After a moment or two of slightly labored breathing, chest heaving now behind the legs pressed up at her front, she tosses the screen to the side, sending it sliding over the covers and then off the side of the bed. Her eyes follow it and consider moving to reach for it, but instead she hears a voice from down the hall that pulls her back to the drab reality she was living in now - that she'd moved back in with her parents after things hadn't worked out with chasing her dreams. Defeat turned to discomfort as a name she wasn't happy to hear floated passed her ears - a name she'd tried to embrace, to accept that the reality she had wanted wasn't going to come true as long as she was willing to trade a little bit of happiness for stability and safety.
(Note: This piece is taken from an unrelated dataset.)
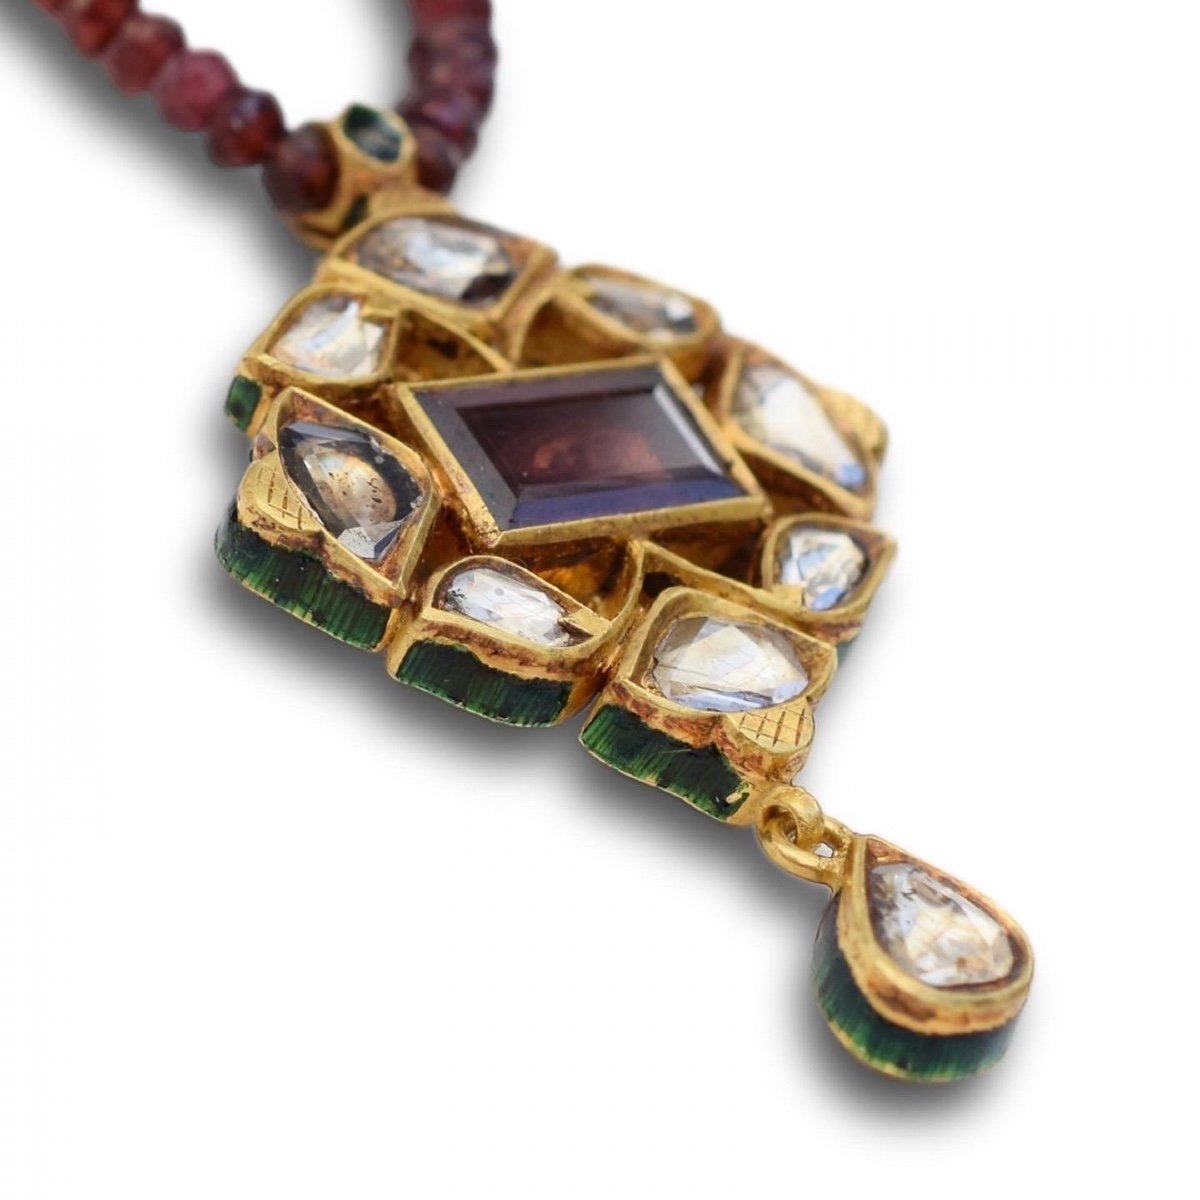 Enamel And Gold Pendant With Diamonds And A Table Cut Garnet. Indian, Circa 1900-photo-5
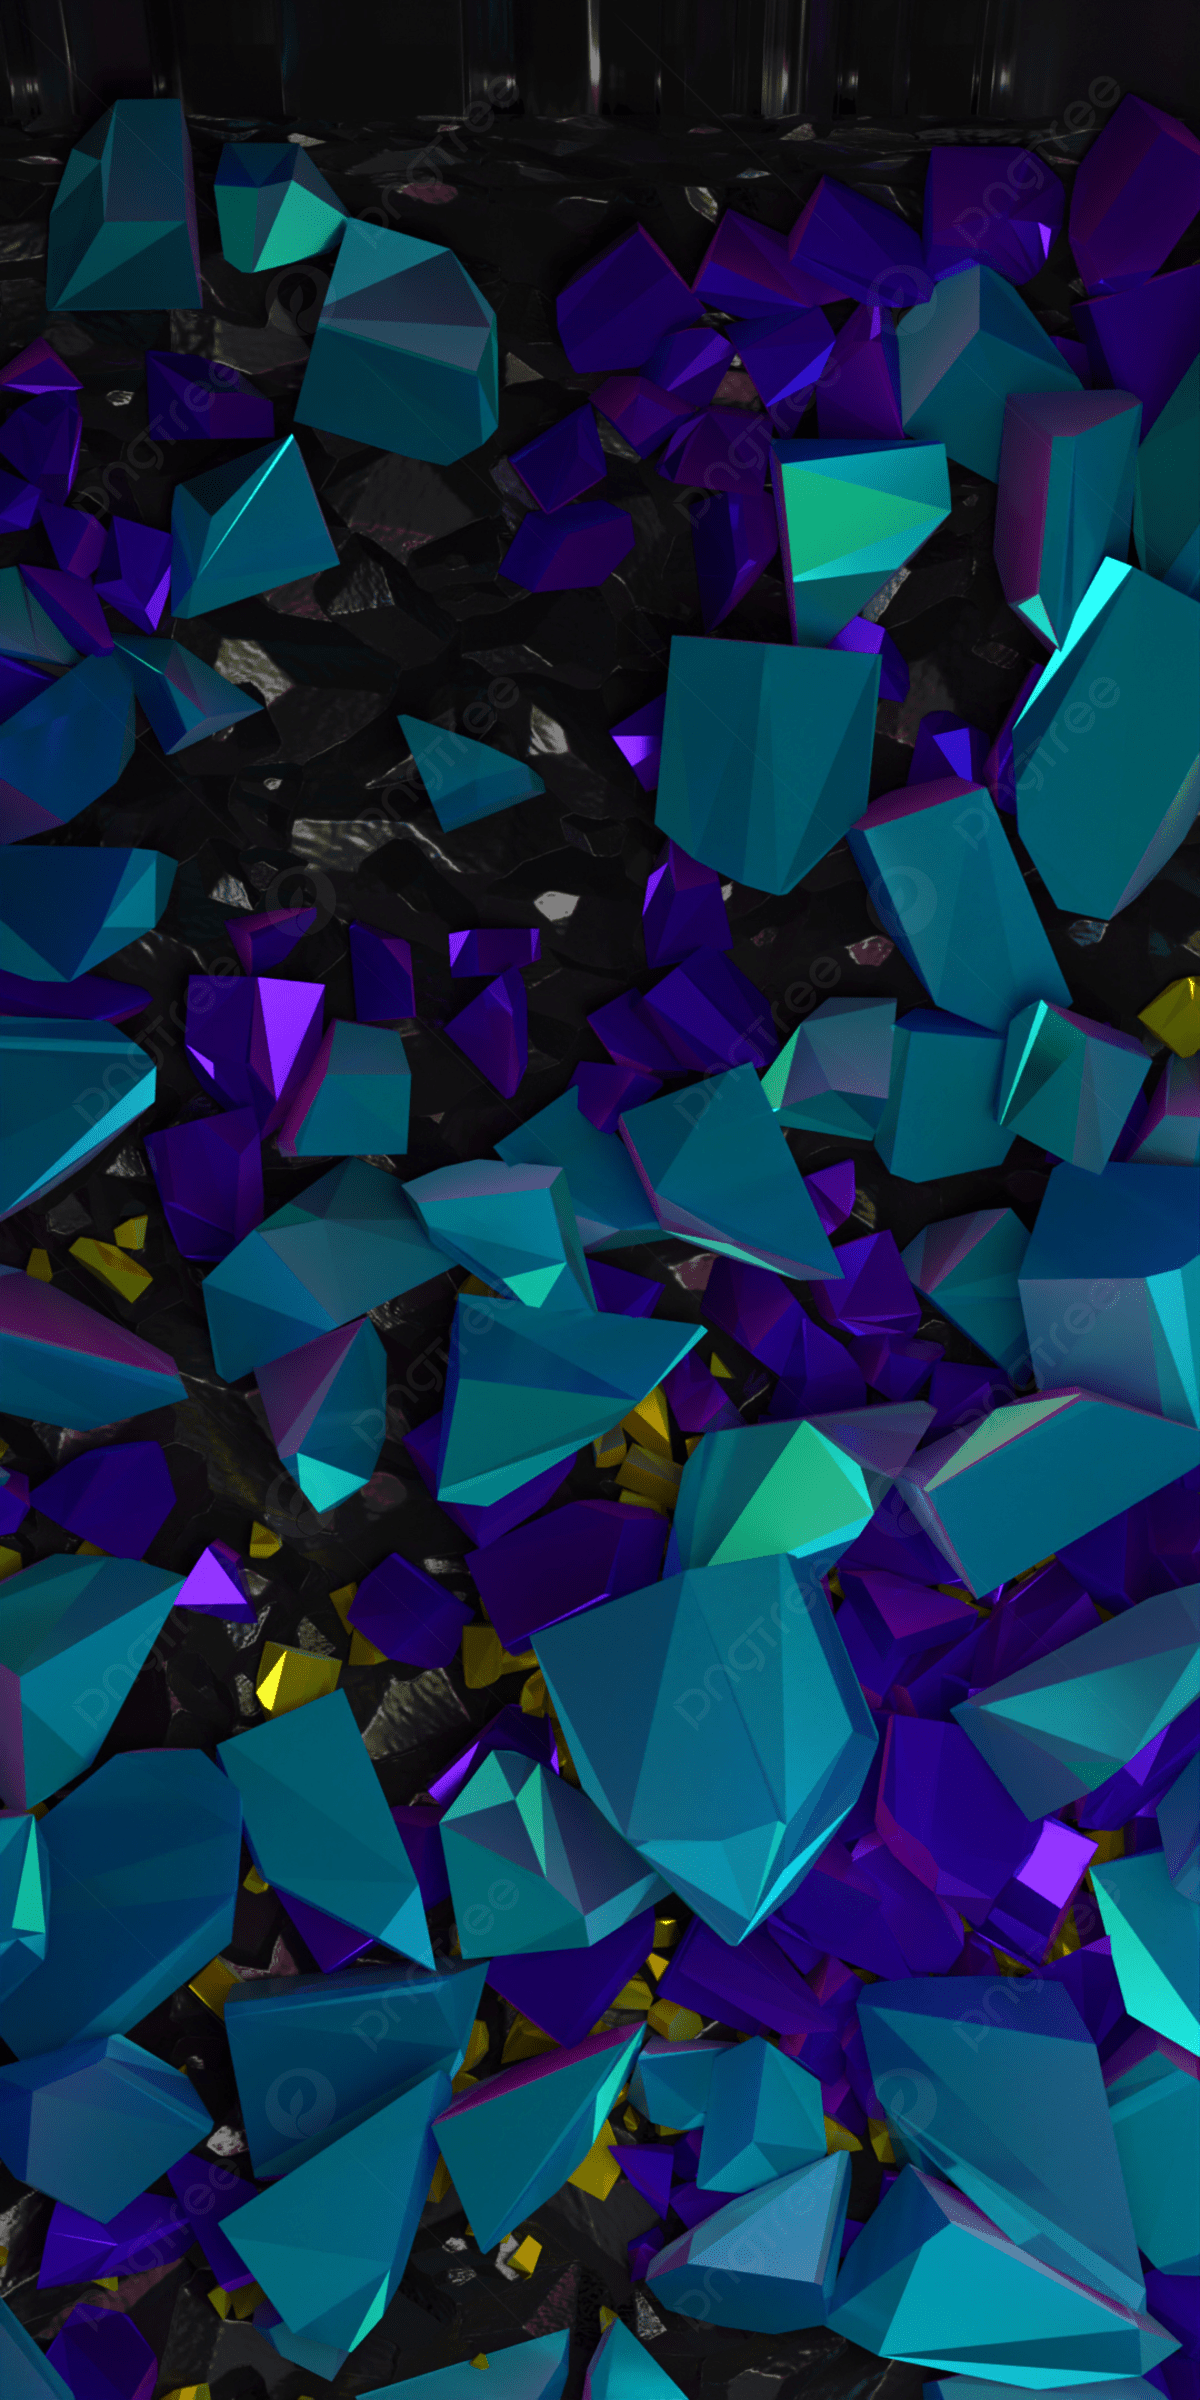 A phone wallpaper of a pile of blue and purple geometric shapes. - Diamond

A knock at her door follows, she hadn't answered back, hadn't acknowledged the call just yet, but the rap of knuckles against the door trigger some sense of urgency to do just that - despite being well into her adult years by now. "Yes?" A slightly less pitched voice called out, sounding quiet different from her own despite it sliding out from behind her lips. Like she had a cold, or something, perhaps.
"You're wasting your time in your room again?" A man's voice asked, her father's. It invites a stillness that she hadn't noticed until now to creep into focus.
She hesitates.
"Hello?" He asks impatiently, as if the momentary pause she'd given him to search for an answer was far too long for him to handle.
"I'm just tired." She answers meekly, accidentally letting her real voice slip in without realizing it. "Is there someone else in there with you?"
Another pause.
"No." The hoarse voice answered back anxiously.
"Your voice must have cracked; well, get some rest."
Then silence.
A sharp inhale followed shortly after the footfalls faded, her free hand reaching back to tug on the tie that had kept her hair from falling forward into her face - which it promptly did as it was freed. Her parents had always wanted a boy, someone to marry into some other family that hadn't fallen quite as low as them on the social ladder, but instead they'd been given a girl - a girl they'd made act like she wasn't one for as long as she lived under their roof. A roof she'd been free from until her life had started to unravel at the seams. Her small gaze turned towards the dimmed light of her screen on the floor, towards what could have been a way out - now just another door shut in her face. She let out a deep breath as she tried to gather a sense of purpose, tried to figure out how to salvage what she had left - she had been good at that, picking up the pieces and putting them together in a way that let her figure a way forward.
The pieces, then, had been bigger, newer - now they were smaller, nearly dust.
Honestly, it all felt a little bleak.
She'd even managed to estrange the few friends she had up until that point in the moments before she'd thrown the screen away from her. Living two separate lives was starting to catch up to her, only now it seemed like neither one was better than the other.
"Fuck." She whispered as she laid back into the pillow behind her, her legs sliding forward as she stretched out. Her hands were on her face now, eyes shut tightly closed, trying to hold in the slight trickle of tears that eventually escaped from the corner of her eyes anyways.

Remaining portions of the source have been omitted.